■ **Exercise requirements**:
The output is the lines below from the one with "Размеры вилочного погрузчика" through the one with "R+Co BLEU Surreal Styling Serum, 148ml", both included, printed exactly and with no other line.

■ **Dataset records**:
......
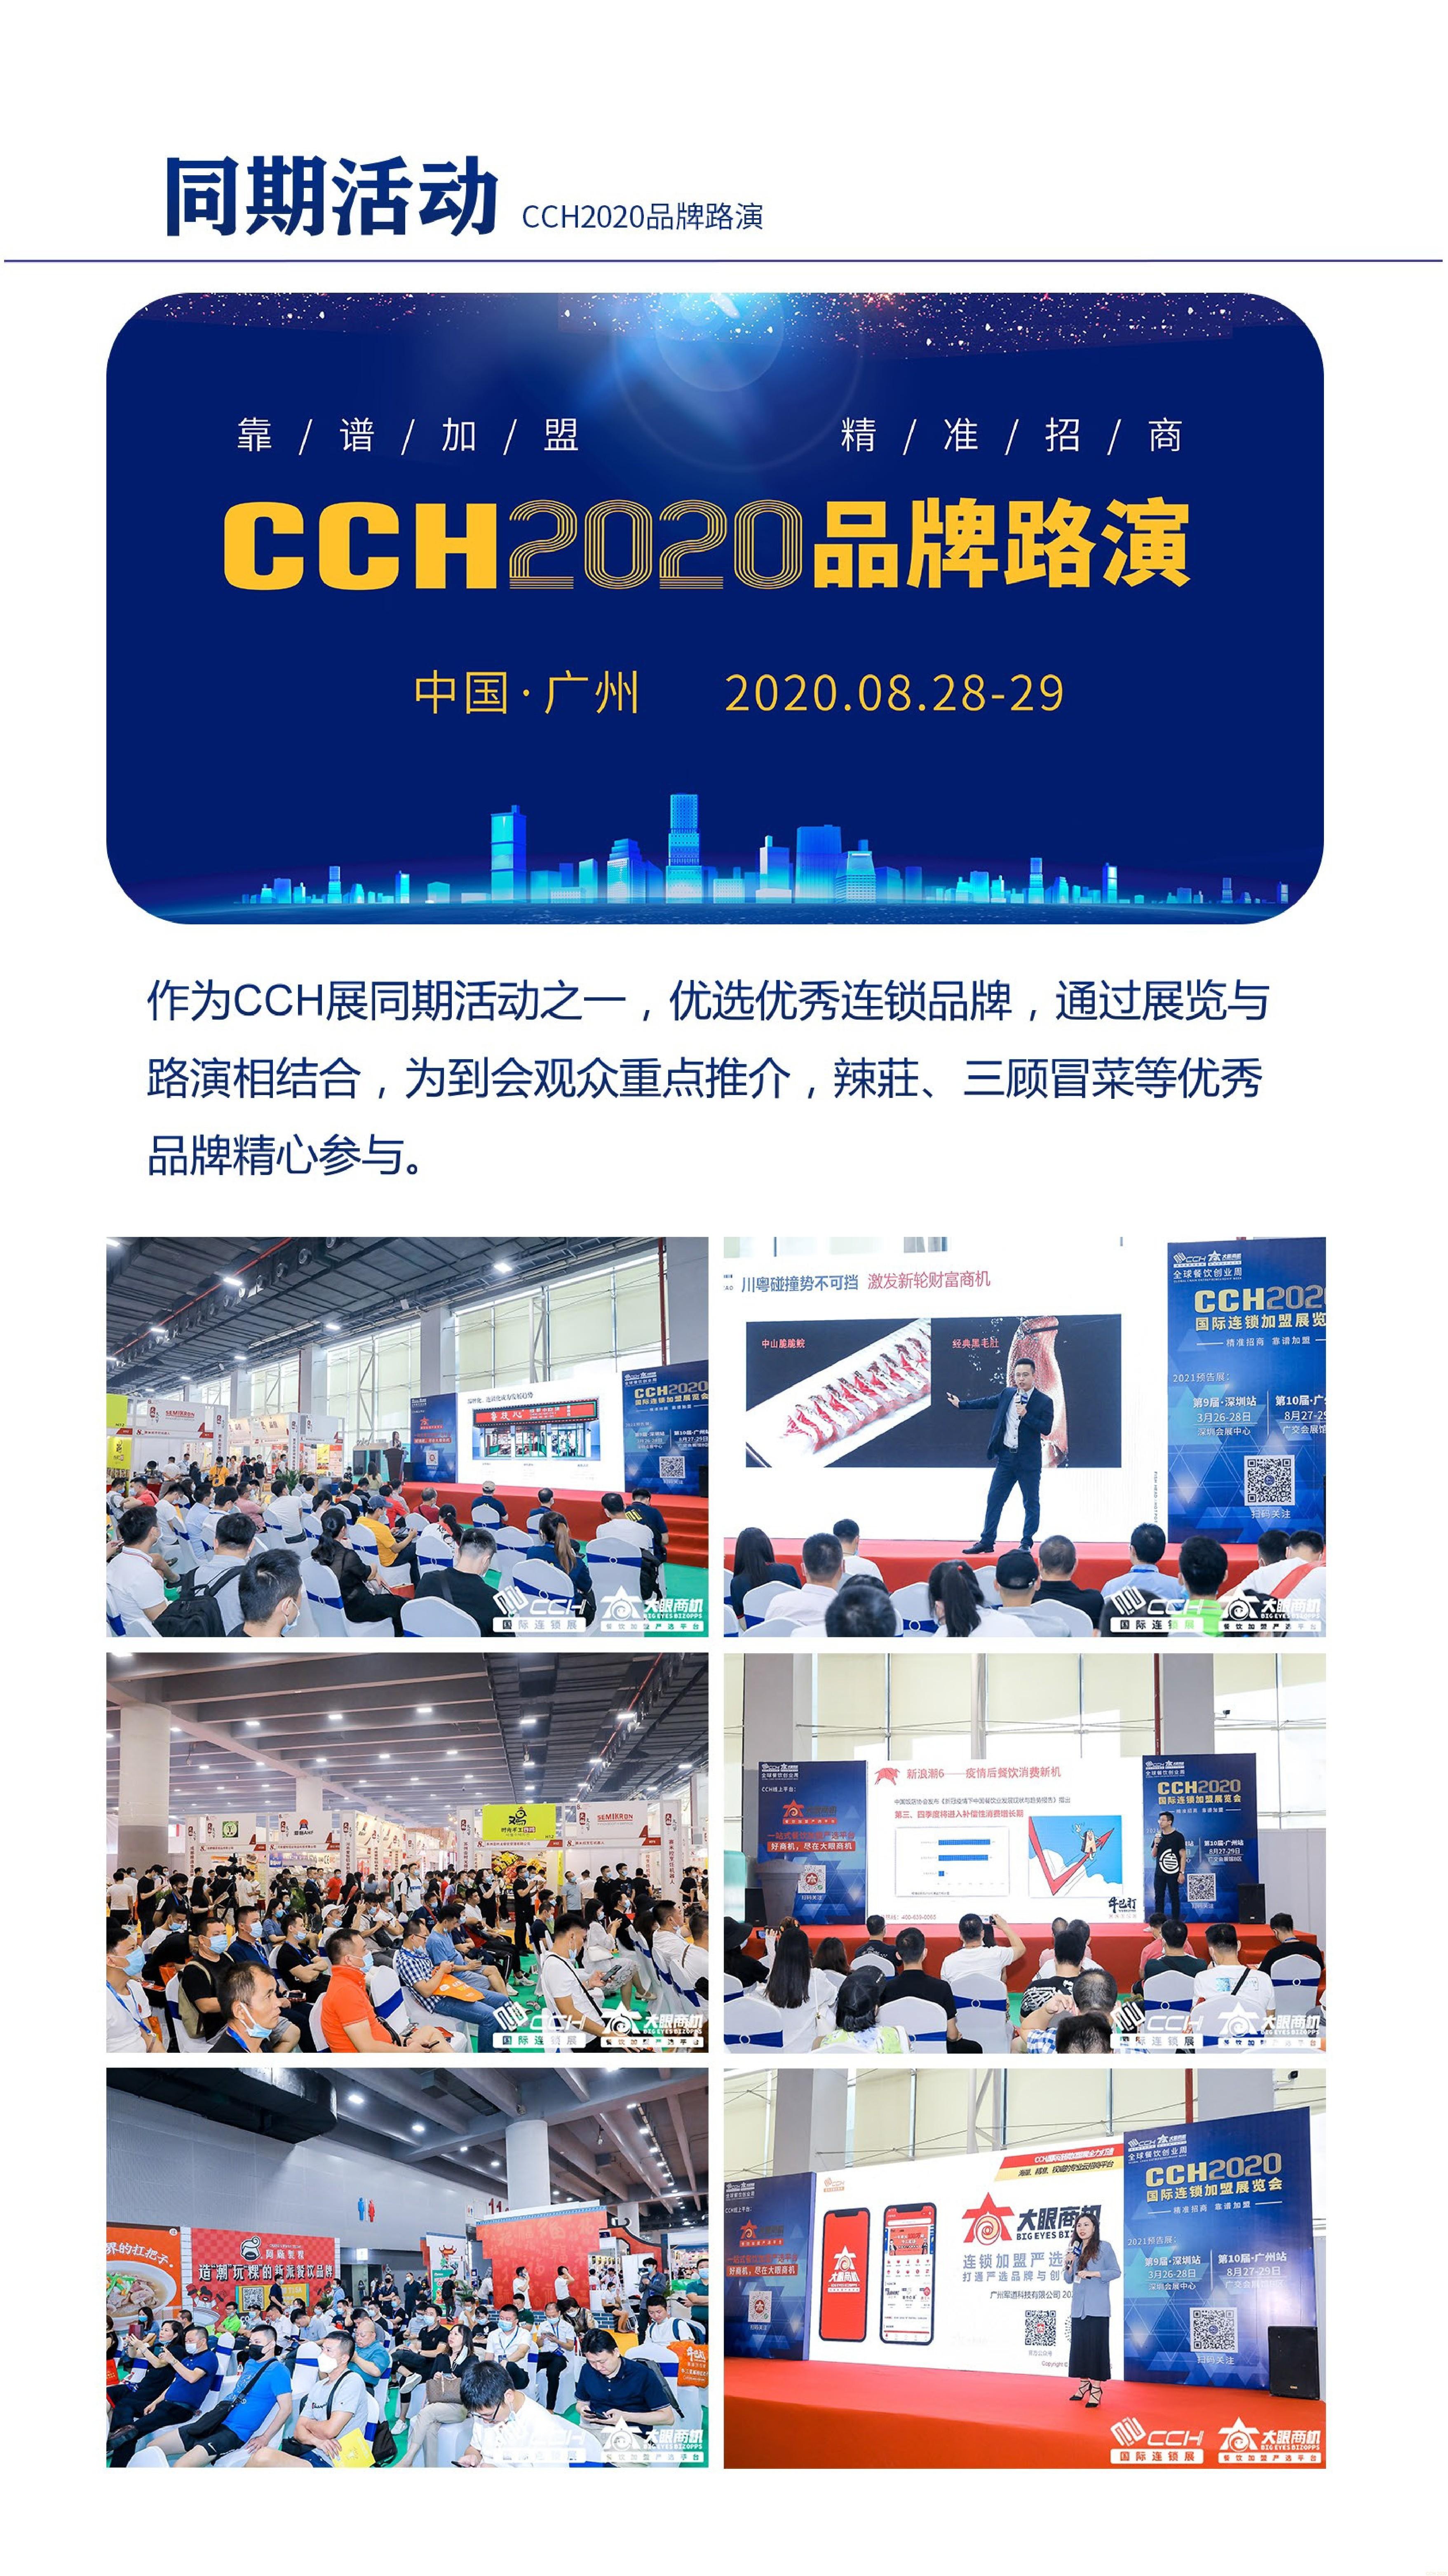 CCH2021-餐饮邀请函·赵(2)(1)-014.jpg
......
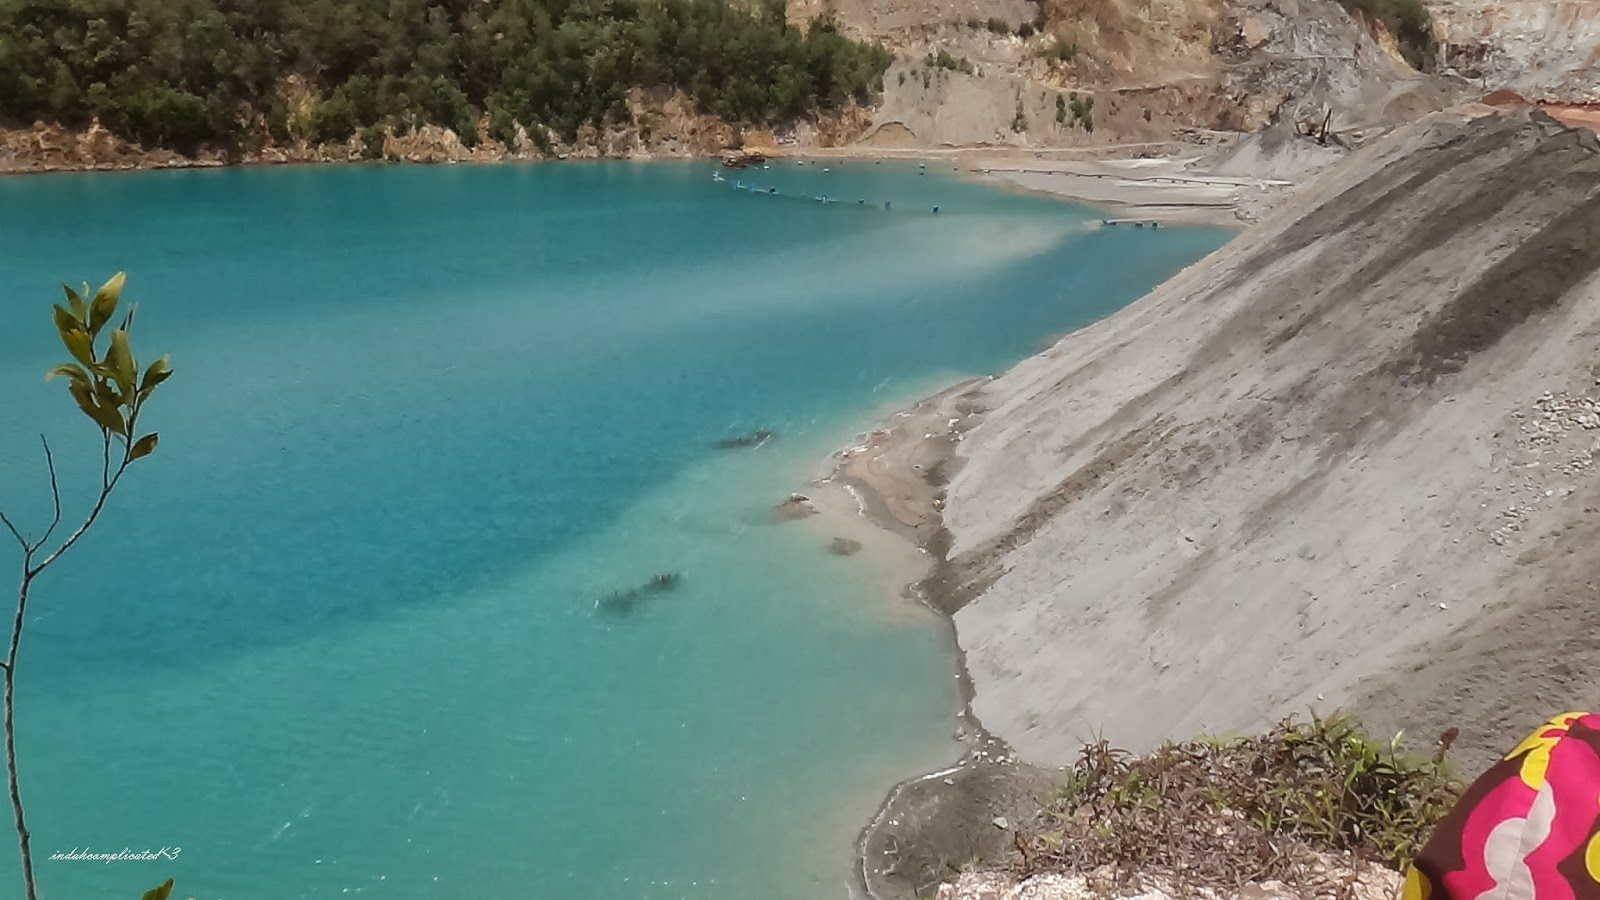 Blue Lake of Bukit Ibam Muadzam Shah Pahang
......
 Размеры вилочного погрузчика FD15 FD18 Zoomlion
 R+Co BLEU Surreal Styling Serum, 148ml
......
■ **Solution to this exercise**:
 Размеры вилочного погрузчика FD15 FD18 Zoomlion
 R+Co BLEU Surreal Styling Serum, 148ml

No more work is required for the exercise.